What is, you know, what are the, you know, what are, what is a programmer really going to be? Is there going to, like, I think we'll save that. But I guess the last question I want to ask you is, how do you keep up? I mean, you talk about all these papers. I mean, like, it just seems like. It would be overwhelming.

You know, I'm always fascinating and I know you have a background. You've gotten your degree in AI and and all that. So it helps you a little bit, but it just what I'm always fascinating. It is you seem to know what to read when to read and figure out and literally are able to sort of. Understand it at the time when it needs to be understood.

It seems like you've really got that nailed down. And I guess how do people like.

Joseph Enochs: I would say my calm demeanor [00:51:00] probably shields a lot of anxiety because I, I go through the same you know, information overload as, as everyone else. I think I have sort of mantras of you know, Personally, like, you know, you've got to keep going, and this is all going to make sense. Just persevere through each individual step and component.

And, and when you understand something, try to distill it down into some simple terms so that you can share it with folks, right? Learn that from you, right? Take something that's complex and try to explain it. You're, you have the perfect analogy when you write your books, right? You say, I have my mother in law, Because I want her to be able to understand it because she reads a lot and she's engaged in reading and I want a subject matter expert.

So for me, that's part of, I've adapted your strategy to my learning strategy. I want to learn something and identify what the latest and greatest papers are, what's trending, but then I want to learn that and distill it down to something simple so I can [00:52:00] try to share it in with just regular folks. And, and what does that do?

That helps me learn, right? That I can't explain it in simple terms then. That proves I don't really know it. Right? It's it's not a perfect strategy, but it's it's my strategy. And I think we'll continue to learn together. Right? And we'll continue to work together. So research, learn, share. I learned a lot from other people just like these conversations.

I've learned a lot here. Just us talking about like, what people are interested in. I would just say, get out there and don't be shy. Right? We're all in this together and try to learn and share things. I would say. We all have a little bit of responsibility to share best practices, to share things that we've learned, even if it's simple as a prompt that you like, right.

And how I prompt, and this is how I do it, share these things. Cause what that's going to do is that's going to, you know, expand out the horizons for everybody.

John Willis: No, I just one final note. I'm hoping to [00:53:00] have my AI book. It's called Rebels of Reason, the first early, early edition, you know, which first week of February.

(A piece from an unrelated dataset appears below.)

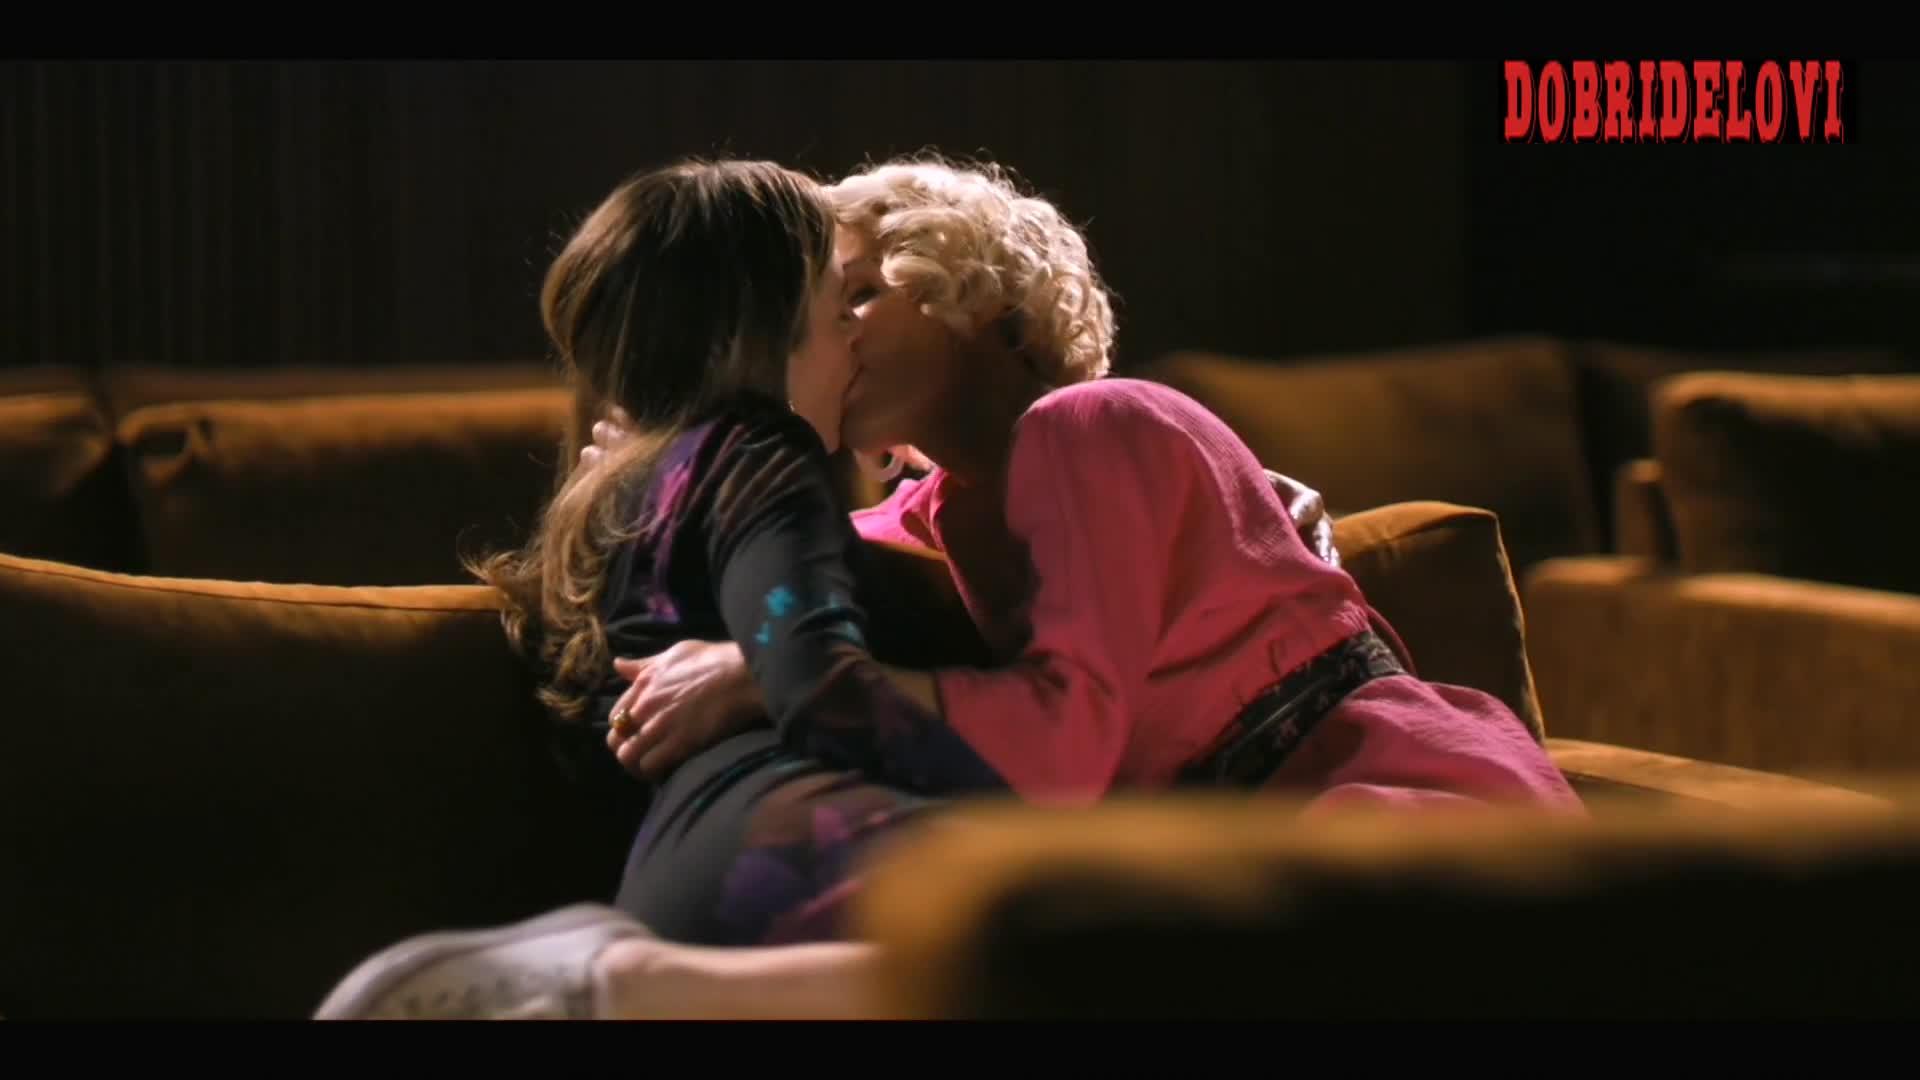 Stephanie Allynne and Leisha Hailey lesbian kiss in the couch scene

And just, if you don't know this, I, you know, just like in my Deming book, I had two target readers. My brother in law is always target reader one. And in with Deming, it was Ben Rockwood for the, as you know, sort of the DevOps story in in the rebels reason it's Joseph. So you are the second reader, right?

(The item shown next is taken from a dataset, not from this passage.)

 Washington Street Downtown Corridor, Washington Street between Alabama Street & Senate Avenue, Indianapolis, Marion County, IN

So like at the end of the day, when you get your first copy and my mother gets the first copy, the litmus test for me for a writer is. Did you both enjoy it? Did you both get value out of it? You know, would you recommend this book to somebody else, you know, and in the Deming book that it Mission accomplished.

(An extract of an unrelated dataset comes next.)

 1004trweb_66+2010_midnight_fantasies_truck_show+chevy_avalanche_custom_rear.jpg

So we'll see what happens. And by the way, sometimes it takes the Deming book took about eight Revisions to get there eight like eight months and eight revisions, but hopefully it won't take that long in this book. So

Joseph Enochs: I'm so excited to get a to be able to read it, and I, and I'm, there's no doubt [00:54:00] that I'll enjoy it.

Just receiving the book is going to be enjoyable, but reading through it, I'm, I'm very thankful and excited to see the book come out, John.

John Willis: Sounds good, my friend. All right well, thanks, Joseph, as always. I mean, always you know, I can tell during a podcast when it's going really well, and, and, you know, I could definitely feel that.

Joseph Enochs: Thank you, buddy. Thank you very much. Looking forward to doing more of these together out here and making it a great 2025. Sounds good to me.